Copy out each line of the material exactly. Pictures do not belong in the copy.

-------- Data --------

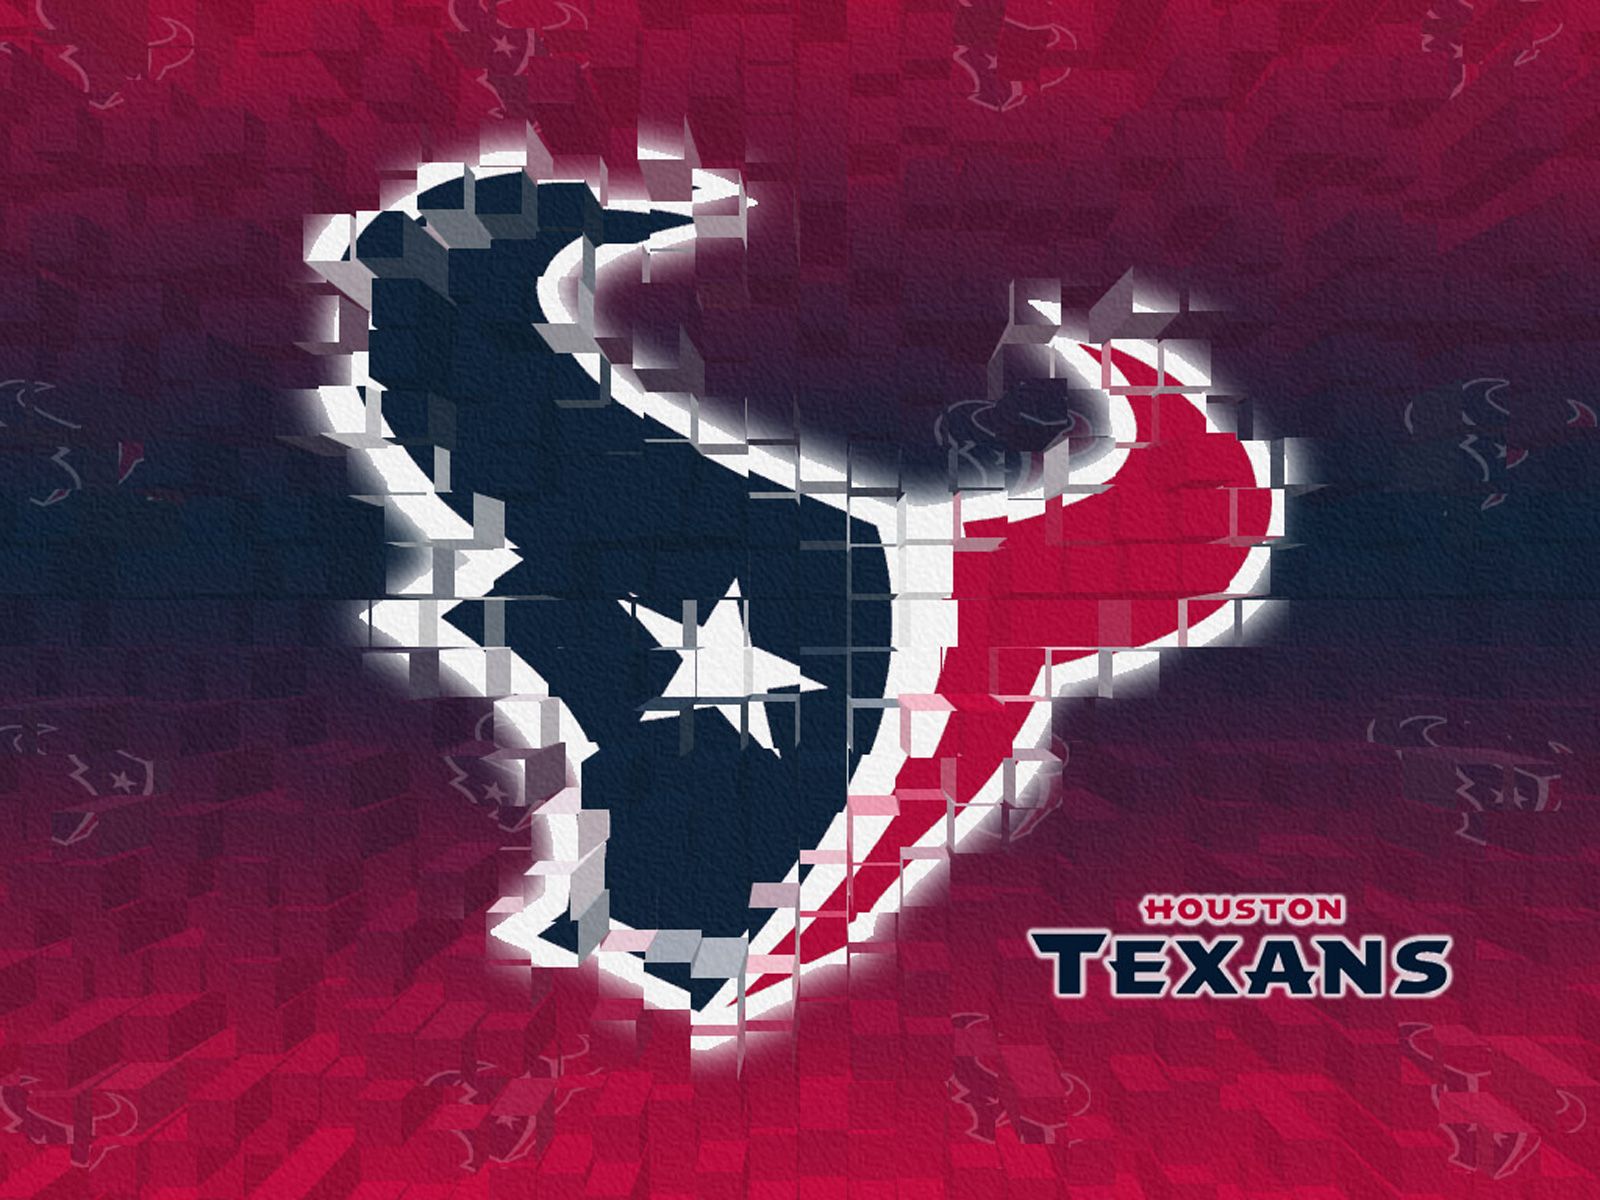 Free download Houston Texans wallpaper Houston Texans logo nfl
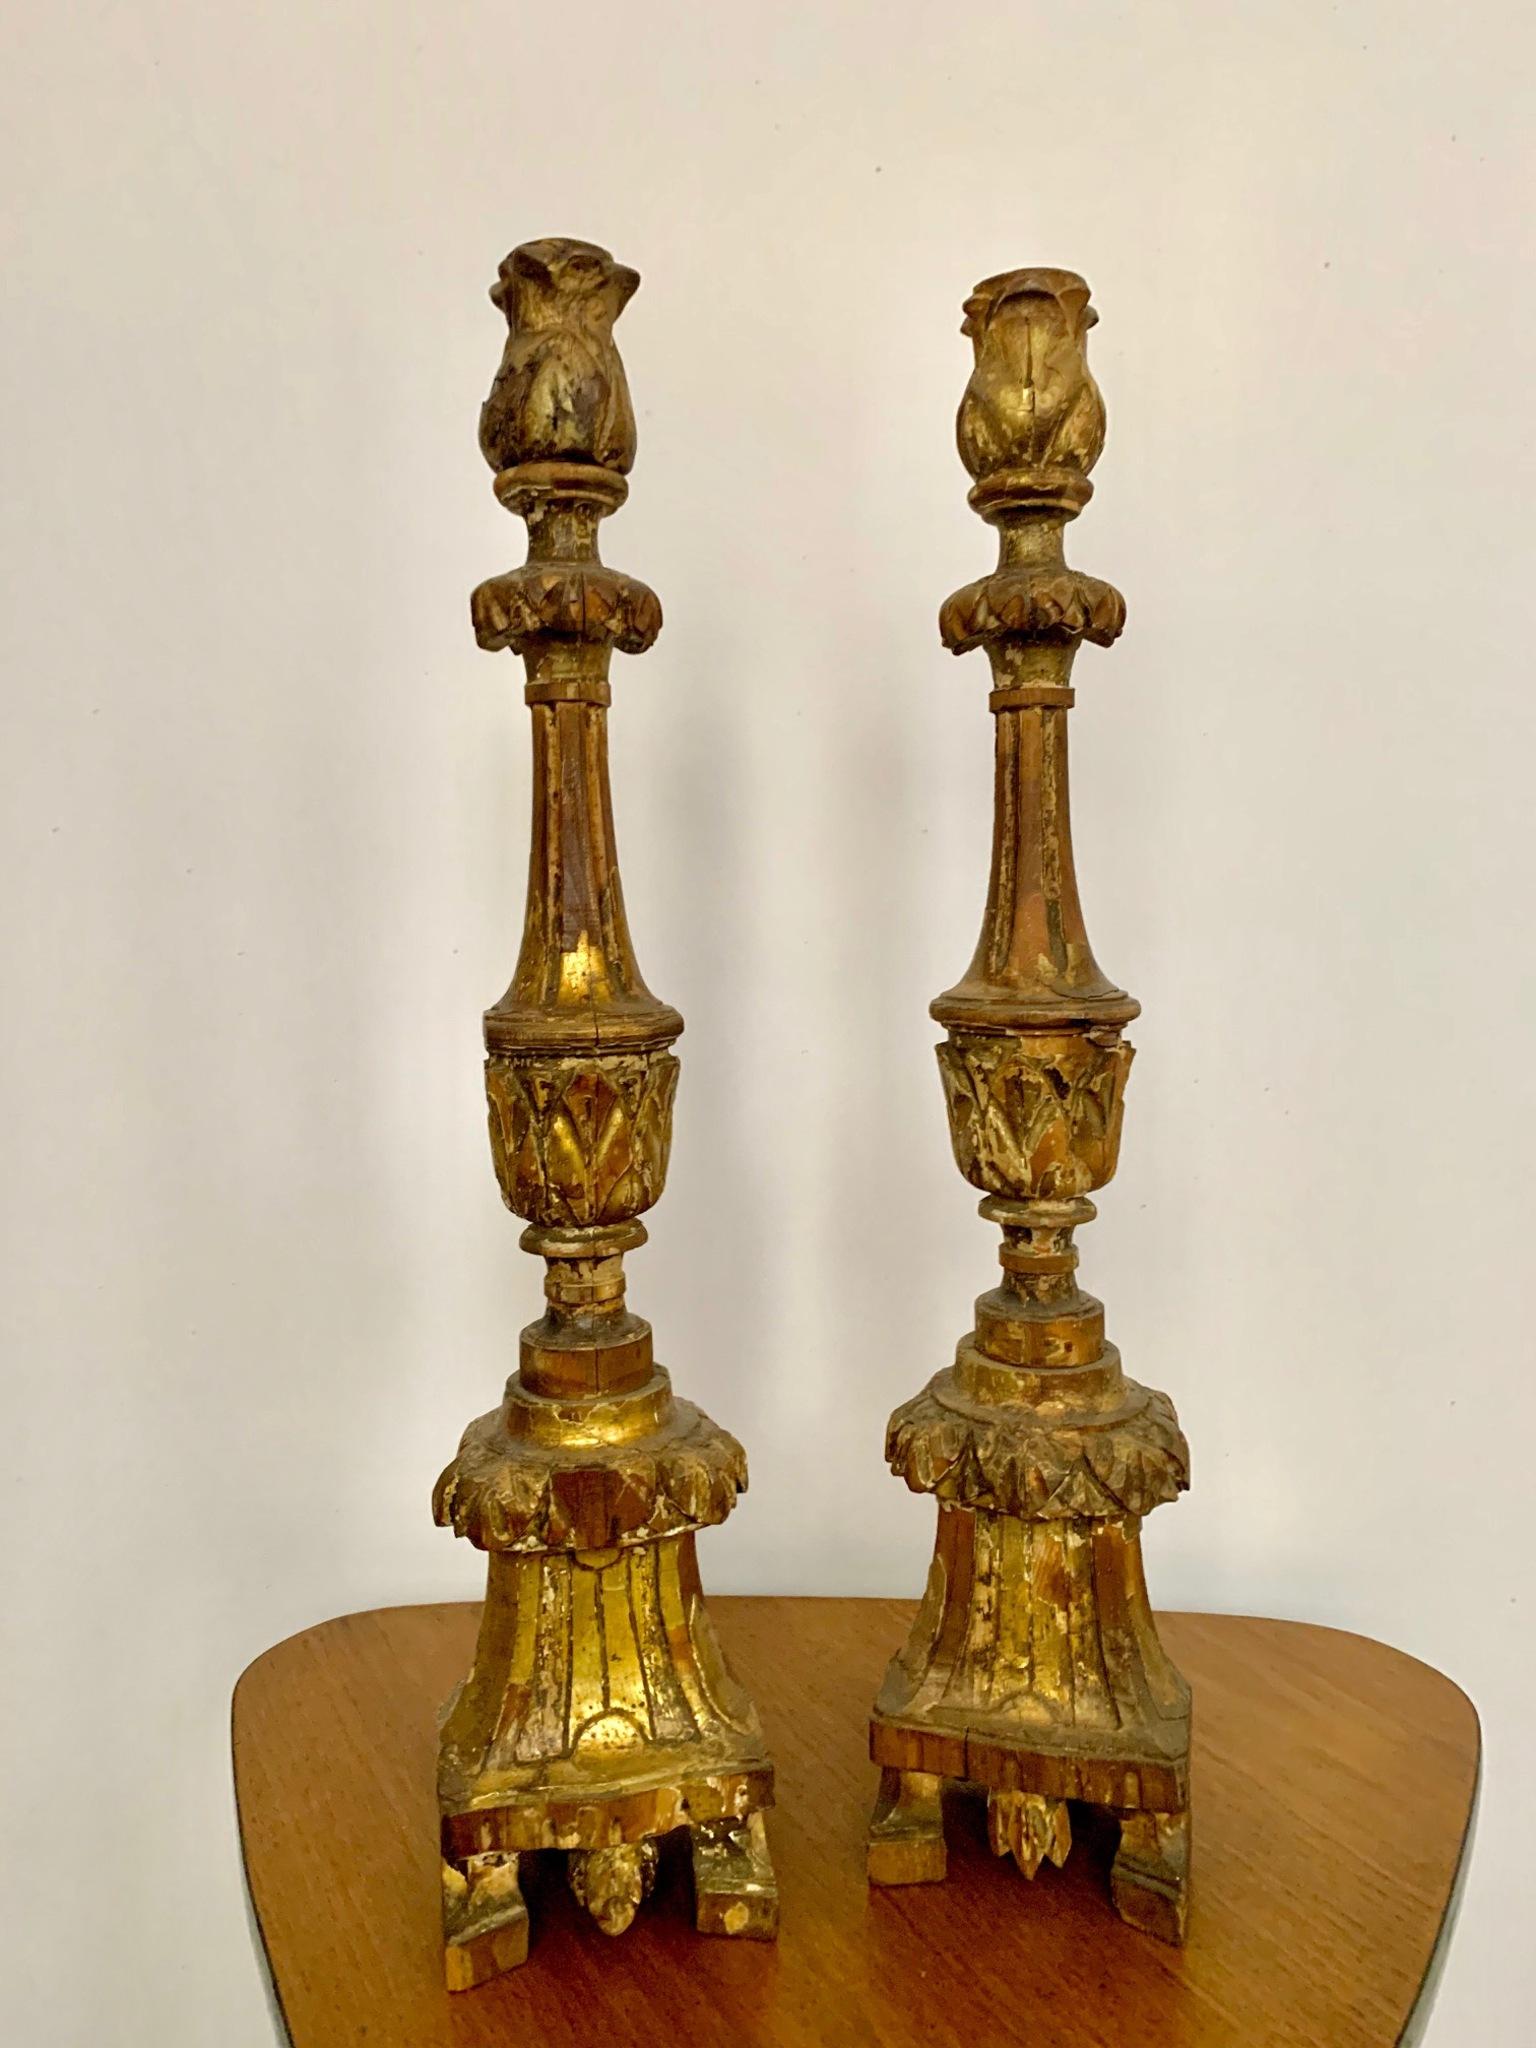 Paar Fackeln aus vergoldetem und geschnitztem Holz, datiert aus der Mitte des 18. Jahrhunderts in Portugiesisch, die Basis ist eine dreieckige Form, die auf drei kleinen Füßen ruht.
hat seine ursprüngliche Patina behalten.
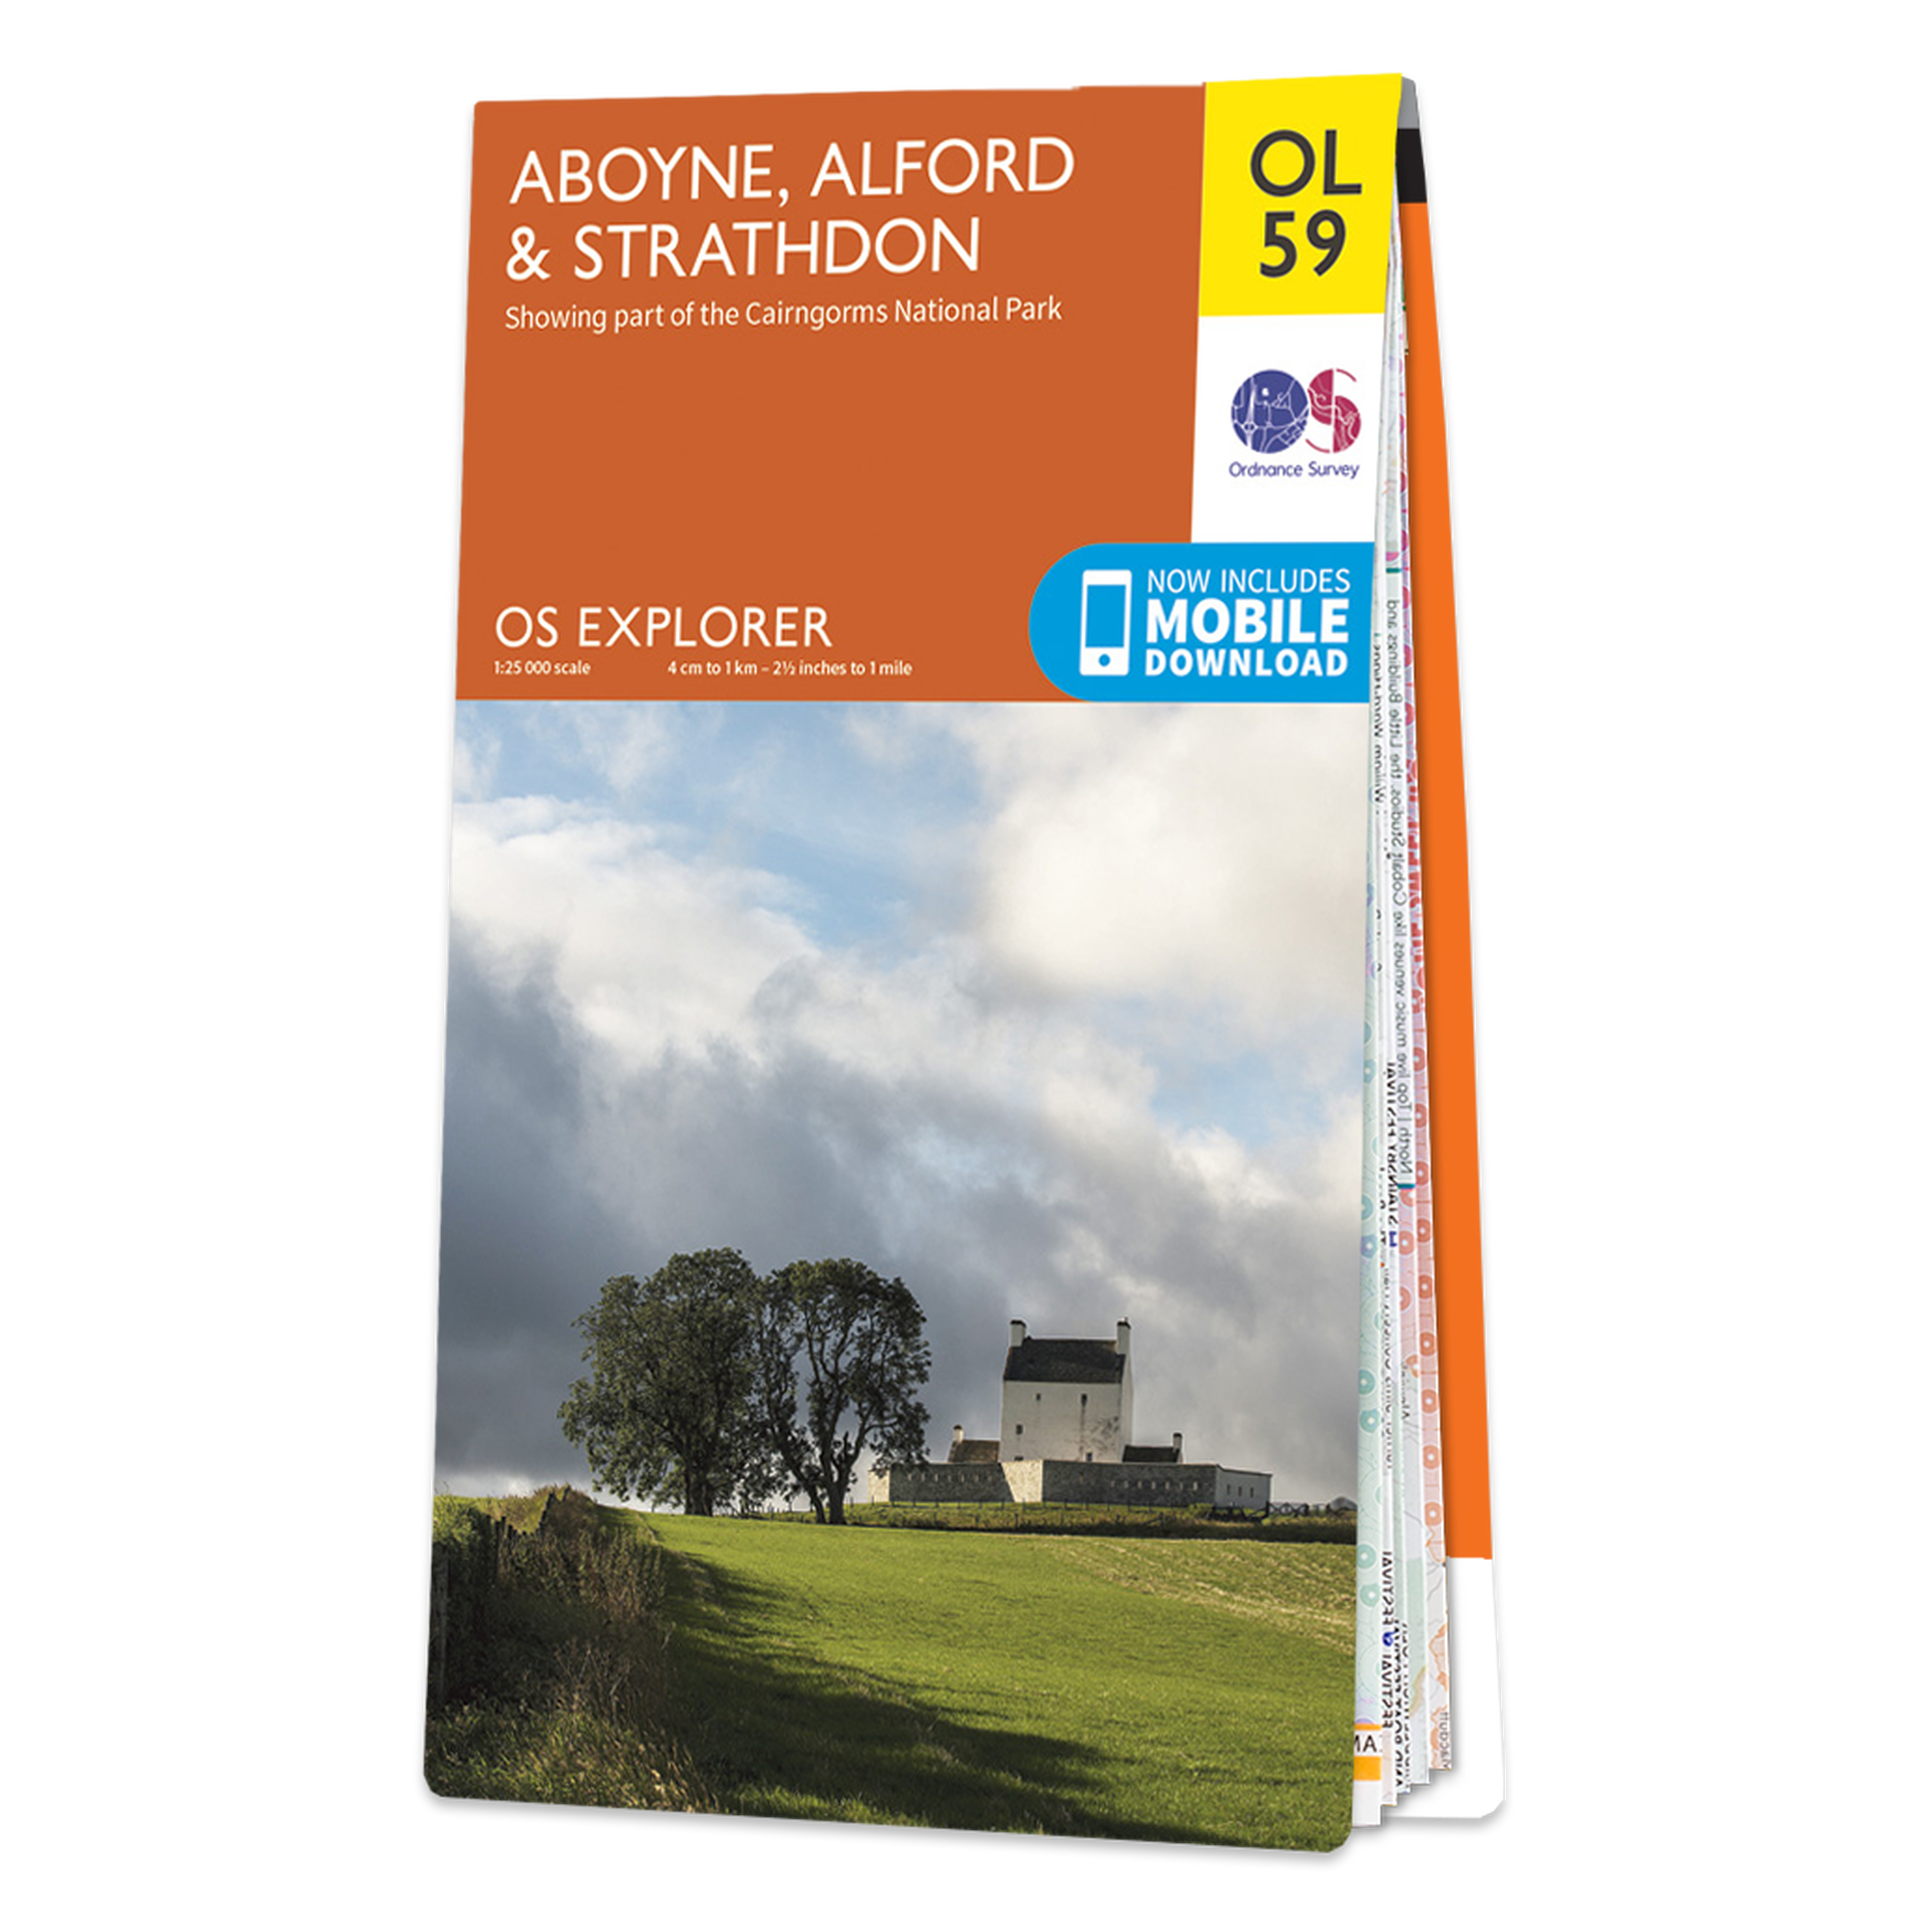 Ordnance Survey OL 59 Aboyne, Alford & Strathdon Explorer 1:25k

--------

• [Final answer]:
 Free download Houston Texans wallpaper Houston Texans logo nfl
 Paar Fackeln aus vergoldetem und geschnitztem Holz, datiert aus der Mitte des 18. Jahrhunderts in Portugiesisch, die Basis ist eine dreieckige Form, die auf drei kleinen Füßen ruht.
hat seine ursprüngliche Patina behalten.
 Ordnance Survey OL 59 Aboyne, Alford & Strathdon Explorer 1:25k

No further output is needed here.